China looks set to continue to curb crude steel production while replacing aging steel capacity with electric arc furnace capacity to help the country meet its decarbonization goals. Electric arc furnace (EAF) capacity growth at the expense of basic oxygen furnace (BOF) capacity will be a concern for the medium to long-term outlook for Chinese iron ore demand. It also suggests that we have already seen China’s iron ore imports peak in 2020.
China’s Monthly Crude Steel Production (Million Tons)
China’s iron ore imports are sluggish
Iron ore imports are also under pressure this year as steel consumption from China has declined. China’s iron ore purchases fell to a 10-month low in April, a sign of slowing demand.
China imported 90.44 million tonnes of iron ore in April, more than 100 million tonnes in March and the lowest since June 2022, customs data showed. Iron ore reserves have also fallen. Total iron ore stocks at ports in China fell 11% year-on-year to 129.2 million tonnes. China’s iron ore port inventory is a key indicator that reflects the supply and demand balance, as well as the safety net and imbalance between iron ore supply and steel plant demand.
As the peak construction season draws to a close, there is little upside for steel production and iron ore demand recovery in the short to medium term, with expected demand recovery not meeting expectations.
China’s monthly iron ore imports (million tonnes)
China Iron Ore Total Ports Stock (10000 Metric Tons)
Supply increases from majors
The supply side has remained firm so far this year. Rio Tinto ( RIO ), the world’s largest iron ore producer, reported a better-than-expected 15.4% improvement in Q1 iron ore exports from Western Australia, a record for the quarter, as production increased at its Gudai-Darri mine. Its Pilbara operations produced 79.3 million tonnes of iron ore in Q1 2023, up 11% from Q1 2022.

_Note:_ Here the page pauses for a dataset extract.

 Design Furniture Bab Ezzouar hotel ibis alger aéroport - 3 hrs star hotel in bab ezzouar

Also, Vale SA ( VALE ) reported a 5.8% year-on-year increase in Q1 iron ore production due to strong performance at S11D. The company produced 66.77 million tonnes of iron ore in the first three months of 2023.
Meanwhile, BHP ( BHP ) maintained its iron ore production guidance of 249 million to 260 million tonnes for the full year, reaching 191.7 million tonnes of iron ore year-to-date, with the March quarter contributing 59.8 million tonnes.

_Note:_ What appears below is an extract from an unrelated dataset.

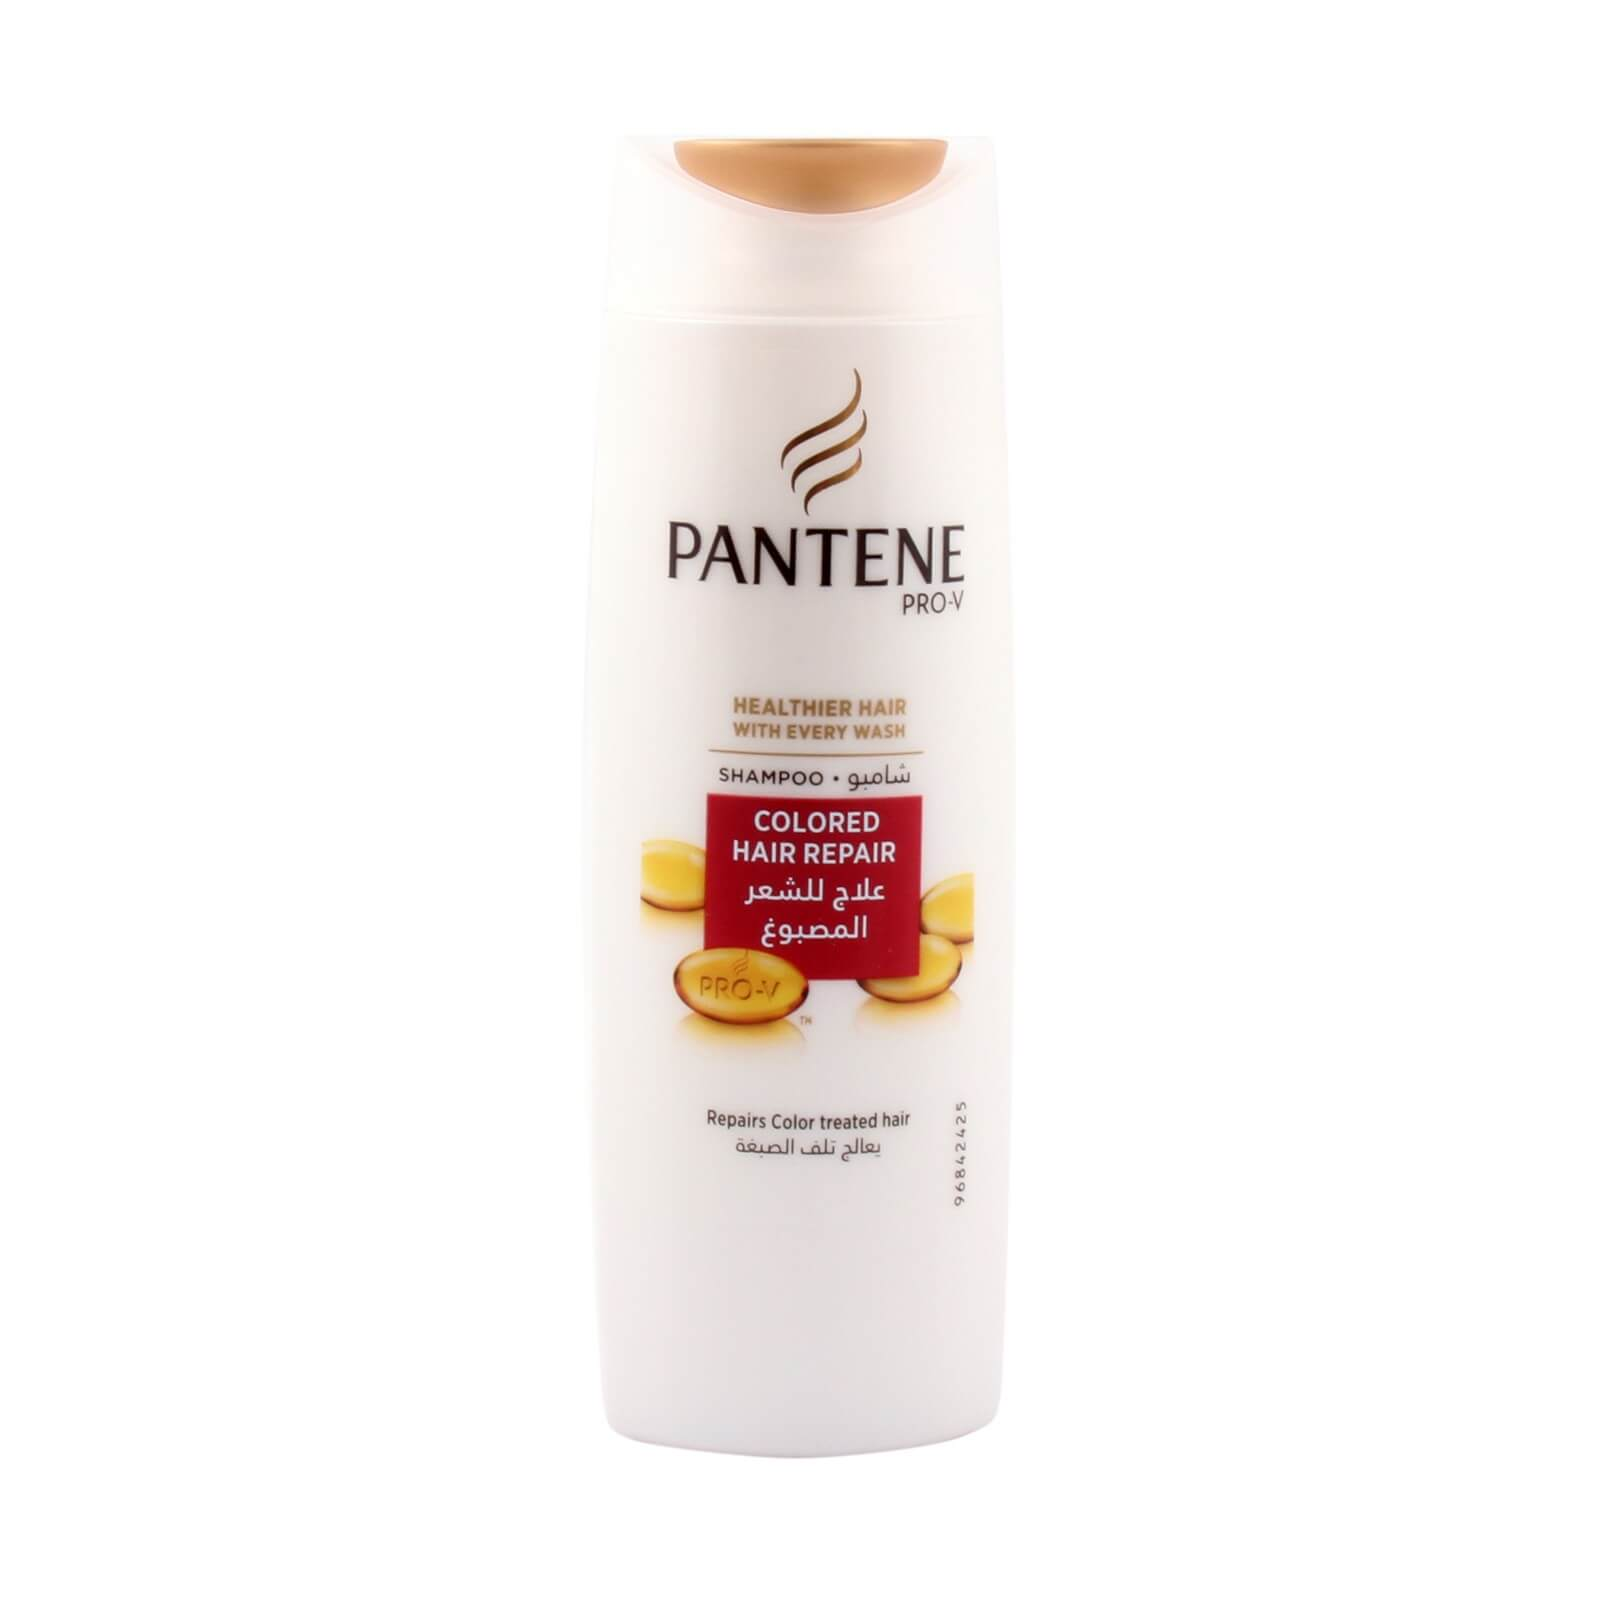 PANTENE SHAMPOO COLORED HAIR REPAIR 200ML

Government inspection may control prices
Iron ore’s sharp price moves have drawn scrutiny and warnings from regulators. The National Development and Reform Commission (NDRC) last month said it would closely monitor the dynamics of the iron ore market and take steps to curb price hikes. Since the beginning of the year, the NDRC and other authorities have improved joint supervision and regulation of the iron ore market to curb price gouging, excessive speculation and illegal activities.

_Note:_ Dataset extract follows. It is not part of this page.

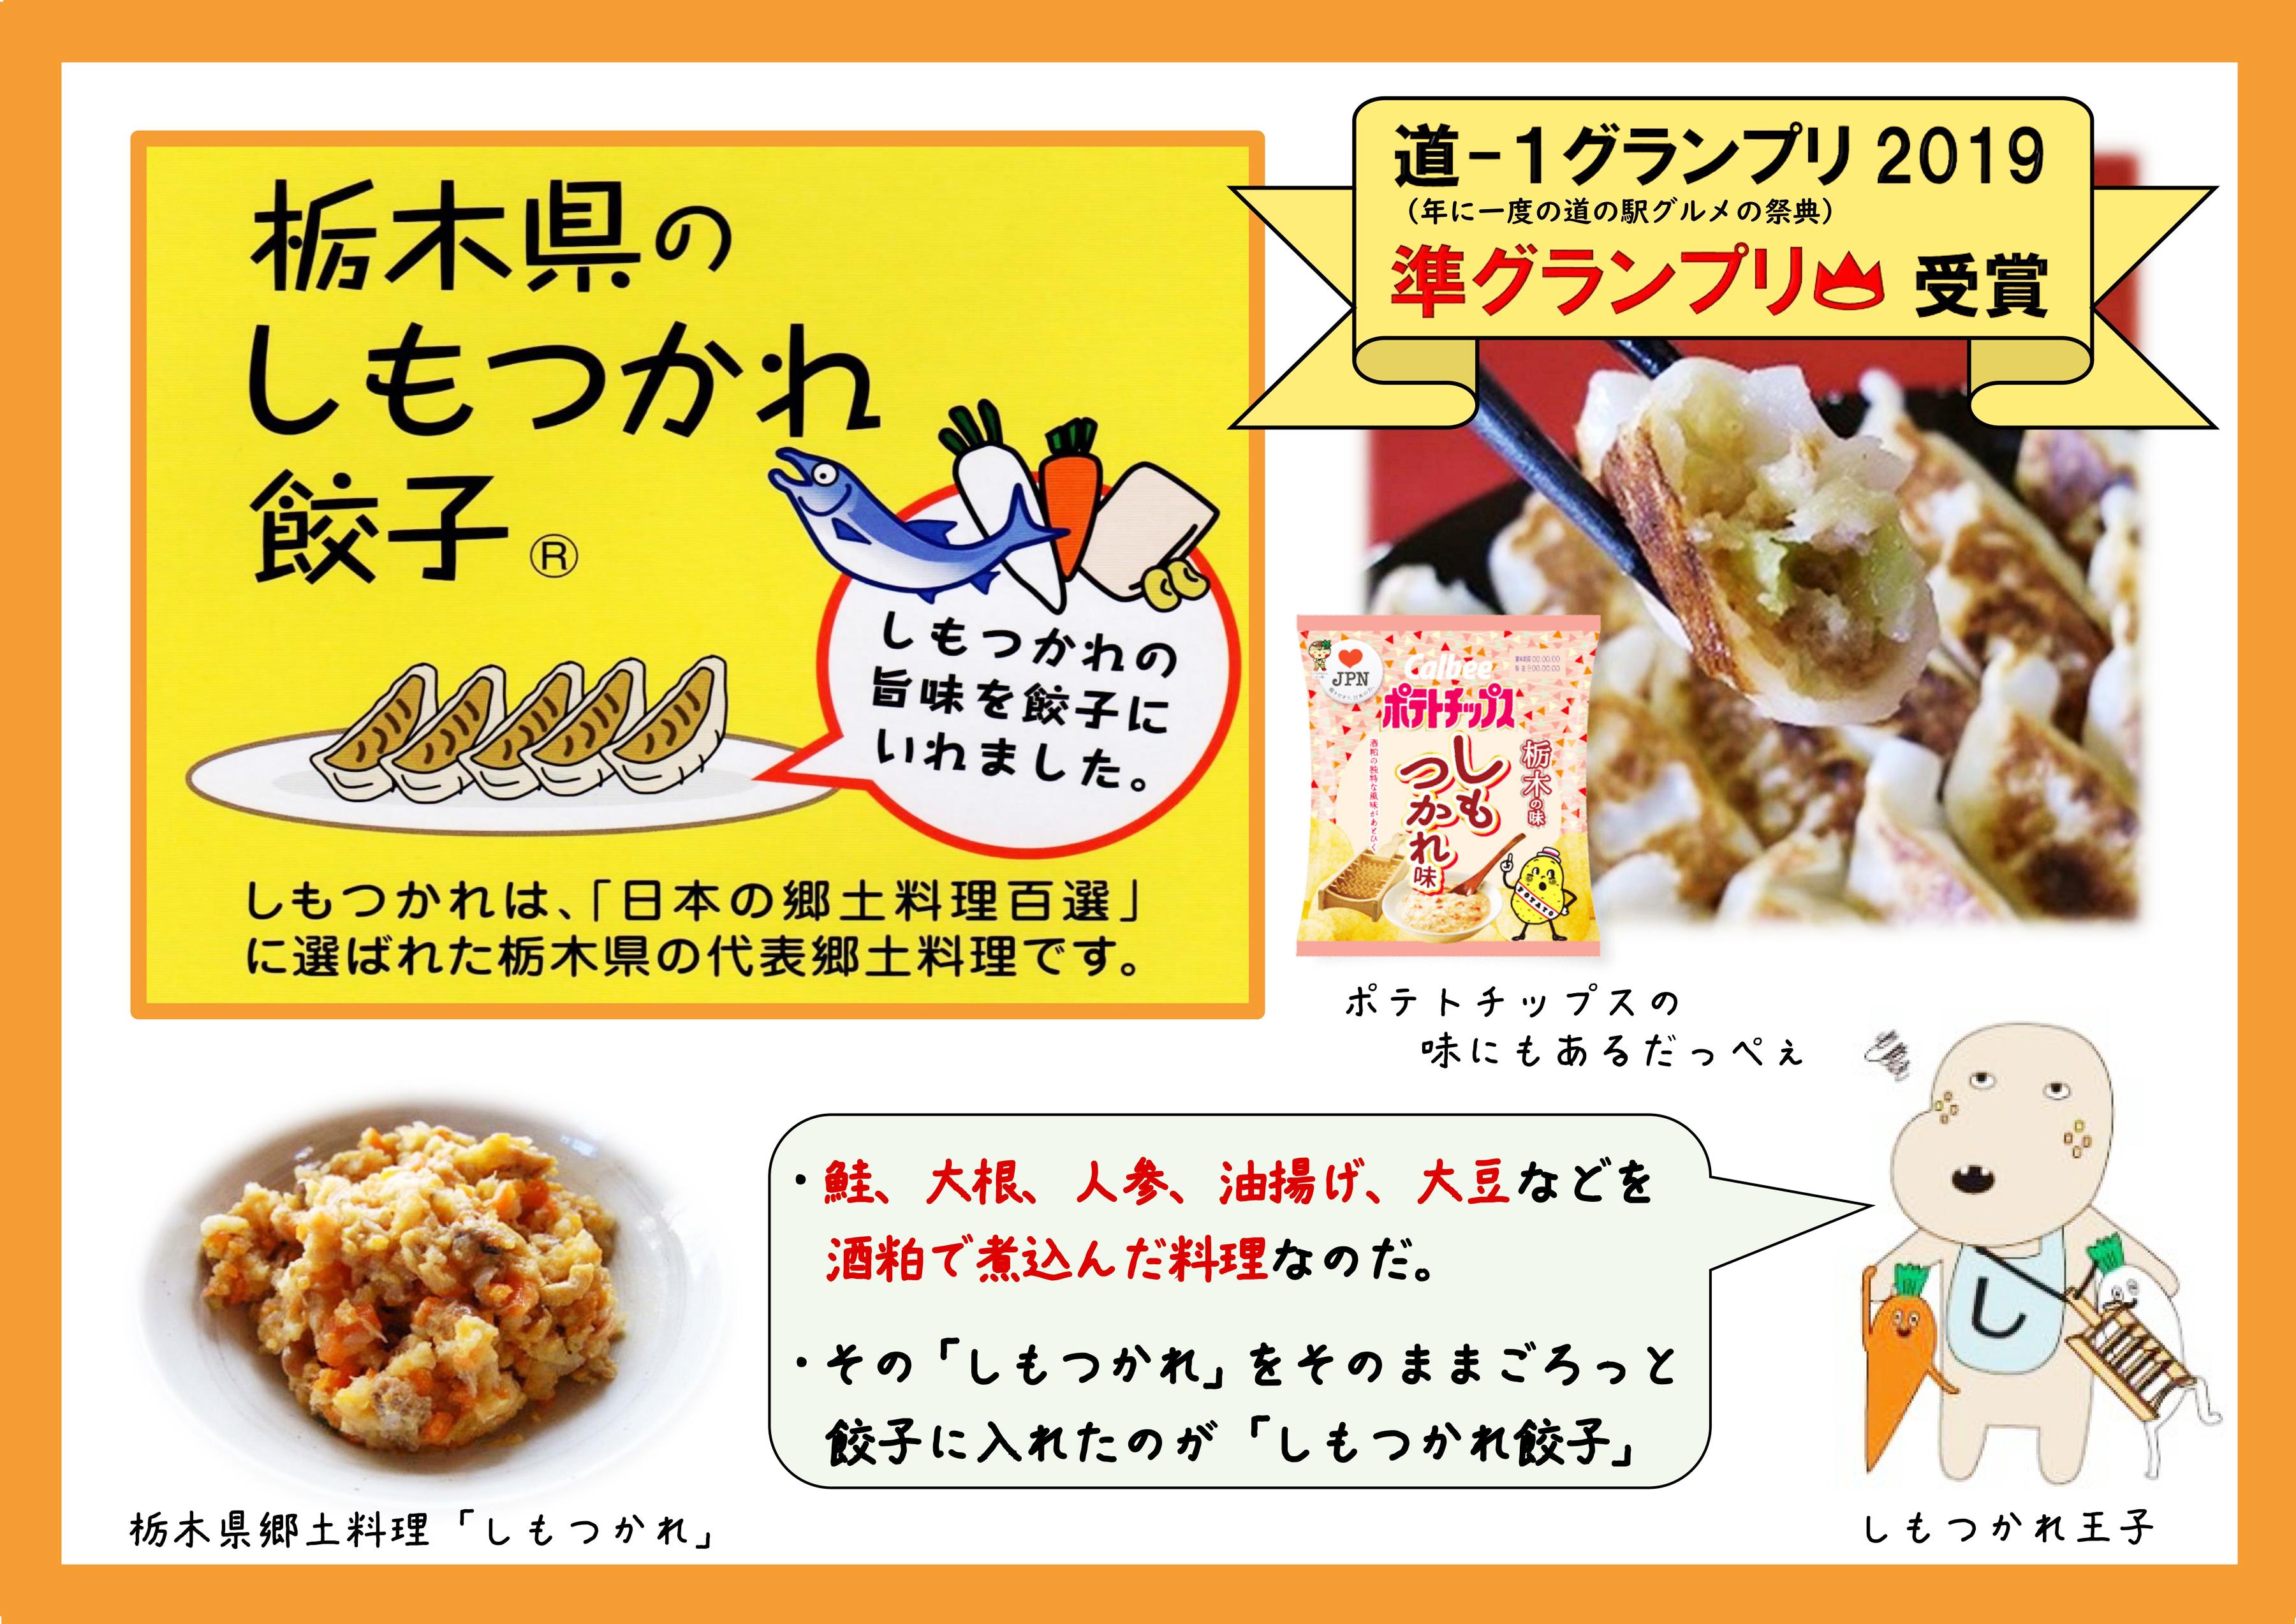 takumisfont_shimotsukare1.jpg

Earlier, government interventions to calm markets included suppressing trade and ordering steel capacity cuts. If we see similar measures being used again, this could add further negative pressure to our outlook.
We believe the short-term outlook for iron ore is less bearish, with sluggish demand from China suggesting prices should stay low. We expect prices to average $100/t in Q4 and $106/t in 2023, and prices will remain volatile as the market continues to respond to any policy changes by the Chinese government.